> **Dataset records**
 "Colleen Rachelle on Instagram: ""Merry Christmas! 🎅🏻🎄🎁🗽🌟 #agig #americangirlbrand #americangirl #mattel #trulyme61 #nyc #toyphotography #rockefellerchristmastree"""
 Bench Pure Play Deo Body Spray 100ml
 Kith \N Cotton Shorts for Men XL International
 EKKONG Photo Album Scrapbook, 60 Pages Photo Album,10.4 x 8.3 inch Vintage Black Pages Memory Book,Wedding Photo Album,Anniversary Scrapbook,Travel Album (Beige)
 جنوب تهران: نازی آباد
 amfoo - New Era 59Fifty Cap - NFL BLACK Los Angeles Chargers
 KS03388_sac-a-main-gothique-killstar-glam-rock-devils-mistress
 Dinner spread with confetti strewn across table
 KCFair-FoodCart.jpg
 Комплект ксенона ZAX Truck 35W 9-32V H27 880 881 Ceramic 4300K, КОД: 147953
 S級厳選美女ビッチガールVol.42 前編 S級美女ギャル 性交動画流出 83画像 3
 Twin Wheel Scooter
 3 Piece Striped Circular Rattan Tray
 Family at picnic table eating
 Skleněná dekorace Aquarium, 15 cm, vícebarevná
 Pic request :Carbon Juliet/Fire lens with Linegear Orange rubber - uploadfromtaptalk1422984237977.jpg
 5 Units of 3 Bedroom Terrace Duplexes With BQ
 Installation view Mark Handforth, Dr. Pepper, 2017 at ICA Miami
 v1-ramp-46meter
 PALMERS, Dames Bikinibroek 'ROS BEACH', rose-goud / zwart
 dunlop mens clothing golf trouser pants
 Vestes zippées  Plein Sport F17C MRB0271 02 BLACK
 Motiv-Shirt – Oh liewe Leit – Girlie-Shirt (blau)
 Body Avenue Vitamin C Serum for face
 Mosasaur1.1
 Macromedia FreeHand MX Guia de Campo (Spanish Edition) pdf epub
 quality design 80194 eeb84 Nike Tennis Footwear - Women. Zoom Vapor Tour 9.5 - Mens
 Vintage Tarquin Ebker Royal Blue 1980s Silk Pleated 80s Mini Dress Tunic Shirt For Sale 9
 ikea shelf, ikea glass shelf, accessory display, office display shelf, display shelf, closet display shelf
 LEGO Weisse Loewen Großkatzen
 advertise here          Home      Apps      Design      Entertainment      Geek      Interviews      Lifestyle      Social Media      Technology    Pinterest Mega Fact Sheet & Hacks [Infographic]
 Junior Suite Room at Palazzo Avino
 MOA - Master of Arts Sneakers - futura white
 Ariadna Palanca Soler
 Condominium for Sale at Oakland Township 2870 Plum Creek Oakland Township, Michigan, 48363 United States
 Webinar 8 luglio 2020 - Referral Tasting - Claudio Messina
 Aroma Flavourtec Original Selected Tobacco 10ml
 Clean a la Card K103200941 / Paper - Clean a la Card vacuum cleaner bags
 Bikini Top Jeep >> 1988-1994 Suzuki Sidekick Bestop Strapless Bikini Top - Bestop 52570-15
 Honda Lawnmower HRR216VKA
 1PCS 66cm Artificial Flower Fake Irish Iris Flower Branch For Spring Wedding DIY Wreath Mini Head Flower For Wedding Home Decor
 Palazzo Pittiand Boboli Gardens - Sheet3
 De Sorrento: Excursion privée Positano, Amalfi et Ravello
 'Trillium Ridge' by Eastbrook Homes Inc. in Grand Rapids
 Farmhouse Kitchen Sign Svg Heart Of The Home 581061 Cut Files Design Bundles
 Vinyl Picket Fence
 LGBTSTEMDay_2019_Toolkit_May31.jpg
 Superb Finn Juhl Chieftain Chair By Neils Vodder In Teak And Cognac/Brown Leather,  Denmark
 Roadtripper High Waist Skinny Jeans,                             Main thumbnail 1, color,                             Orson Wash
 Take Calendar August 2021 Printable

> **What you are asked to do**
Your reply is to repeat, unchanged, the lines above running from the one with "Bench Pure Play Deo Body Spray 100ml" up to and including the one with "amfoo - New".

> **Solution to this problem**
 Bench Pure Play Deo Body Spray 100ml
 Kith \N Cotton Shorts for Men XL International
 EKKONG Photo Album Scrapbook, 60 Pages Photo Album,10.4 x 8.3 inch Vintage Black Pages Memory Book,Wedding Photo Album,Anniversary Scrapbook,Travel Album (Beige)
 جنوب تهران: نازی آباد
 amfoo - New Era 59Fifty Cap - NFL BLACK Los Angeles Chargers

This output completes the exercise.